For example, the operations in steps S150, S160, S170, S210, S220, S230, and S240 in all the operations carried out by the processor 10 according to the present embodiment serve as, for example, a state transition unit according to the present invention.
For example, the operation in step S260 in all the operations carried out by the processor 10 according to the present embodiment serves as, for example, a determiner according to the present invention.
For example, the operation in step S170 in all the operations carried out by the processor 10 according to the present embodiment serves as, for example, a parameter obtaining unit according to the present invention.
For example, the operation in step S140 in all the operations carried out by the processor 10 according to the present embodiment serves as, for example, a clustering unit according to the present invention. For example, the operation in step S145 in all the operations carried out by the processor 10 according to the present embodiment serves as, for example, a relevant information calculator.
For example, the operation in step S170 in all the operations carried out by the processor 10 according to the present embodiment serves as, for example, a continued-period obtaining means according to the present invention. For example, the operations in steps S210 and S220 in all the operations carried out by the processor 10 according to the present embodiment serve as, for example, an object transition means according to the present invention. For example, the operations in steps S260, S330, and S360 in all the operations carried out by the processor 10 according to the present embodiment serve as, for example, an output means according to the present invention.
Each of the first identifier, which represents the number of rectangular regions associated with a corresponding cluster rectangular region, the second identifier, which represents the maximum or average score in a corresponding cluster rectangular region, the third identifier, which represents a dictionary file having the highest reliability level, and the fourth identifier, which represents a searching method having the highest reliability level serves as, for example, likelihood-relevant information.


Reference Sings List

	1	Object detection apparatus
	10	Processor
	11	CPU
	12	Memory
	21	Camera
	22	Sensor
	26	Controlled object

Claims

1. An object detection apparatus for detecting a specified type of objects around a vehicle as a target object, the object detection apparatus comprising:

an obtaining unit configured to repeatedly obtain information based on at least a location of at least one object candidate around the vehicle, the at least one object candidate being a candidate of the target object;

a state transition unit configured to:

determine which of plural states that the information about the at least one object lies in based on a predetermined state transition condition each time the information about the at least one object candidate is obtained, the plural states being previously defined based on correlations of the at least one object candidate with the target object; and

cause the information about the at least one object candidate to transition among the plural states; and

a determiner configured to determine whether the at least one object candidate is a target object based on transition information, the transition information representing how a state associated with the at least one object candidate has previously transitioned.

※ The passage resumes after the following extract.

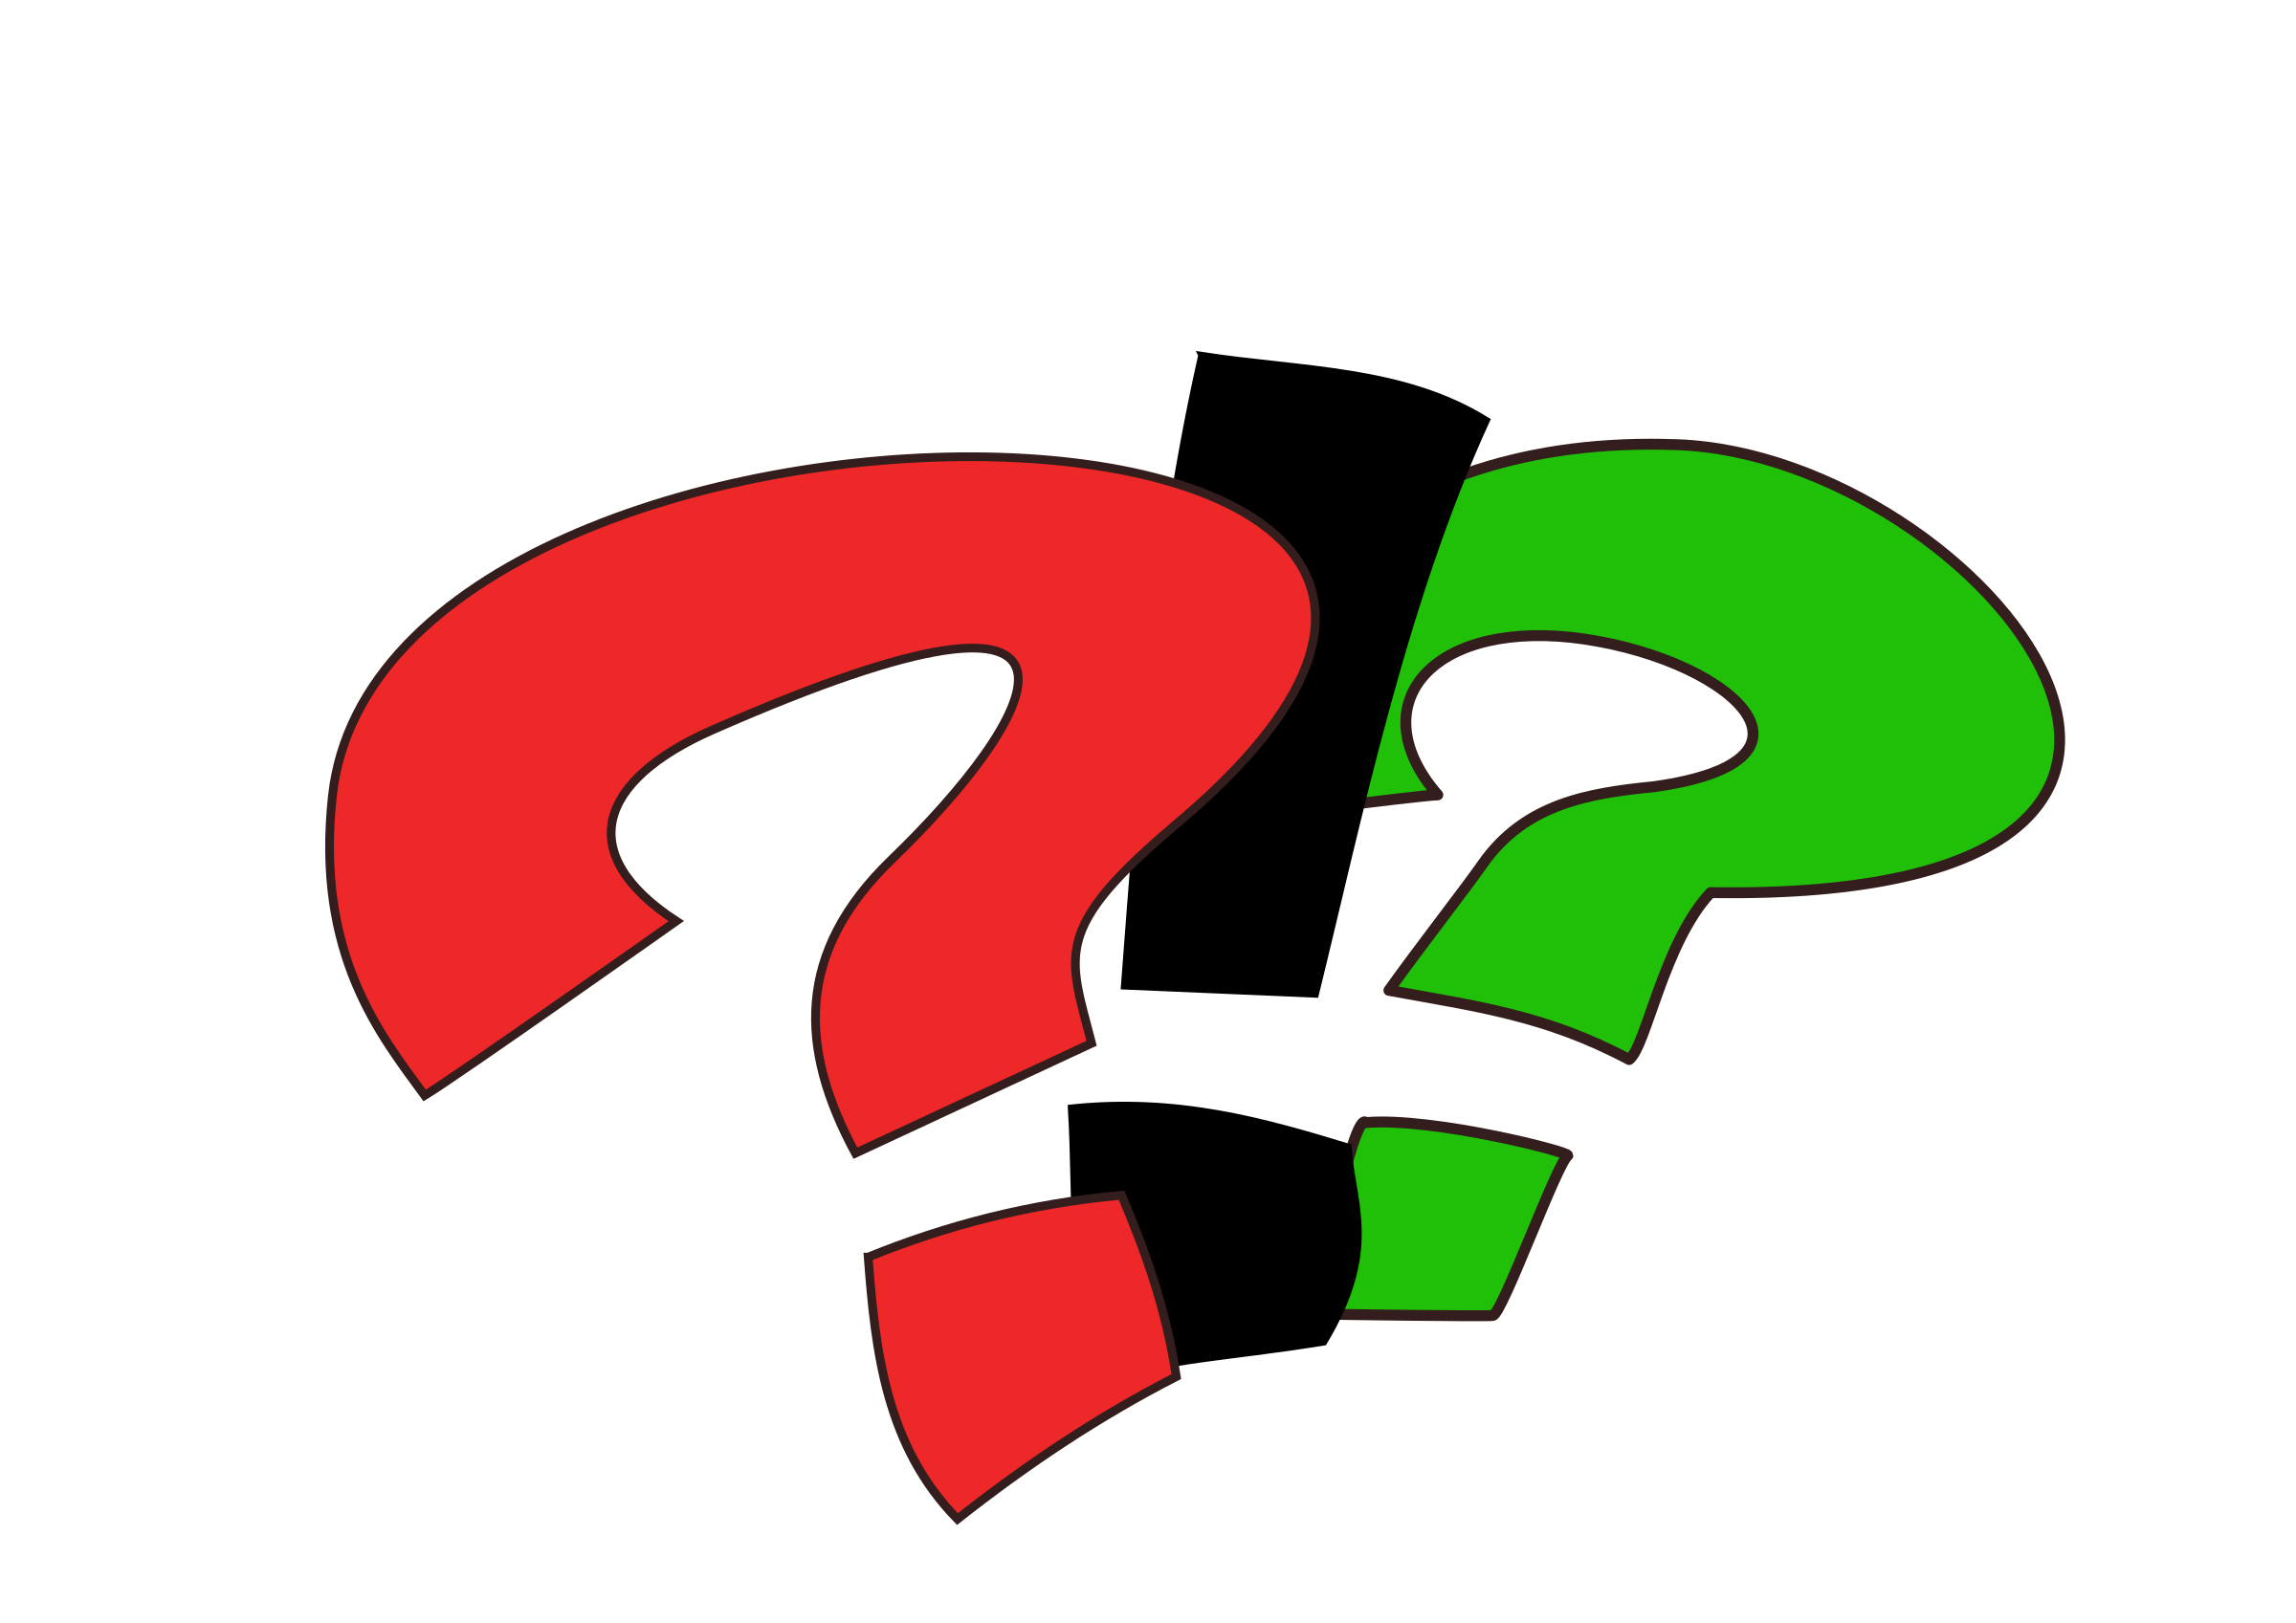 Surprise clipart symbol. Interrogation big image png

2. The object detection apparatus according to claim 1, wherein:

the state transition unit comprises a parameter obtaining unit configured to obtain a parameter indicative of a continued period for which the information about the at least one object candidate has continued in a first state since a timing when the at least one object candidate transitioned to the first state, the first state being one of plural states; and

the state transition unit is configured to cause the information about the at least one object candidate to transition to a second state in the plural states when a value of the parameter reaches a predetermined transition determination threshold, the second state being other than the first state.

3. The object detection apparatus according to claim 1, wherein:

the state transition unit comprises a parameter obtaining unit configured to obtain a parameter indicative of a continued period for which the information about the at least one object candidate has continued in a specified state since a timing when the at least one object candidate transitioned to the specified state, the specified state being one of plural tracking states; and

the determiner is configured to use a condition that a value of the parameter reaches a predetermined threshold as a determination condition to determine that the at least one object candidate is a target object when determining that the value of the parameter reaches the predetermined threshold.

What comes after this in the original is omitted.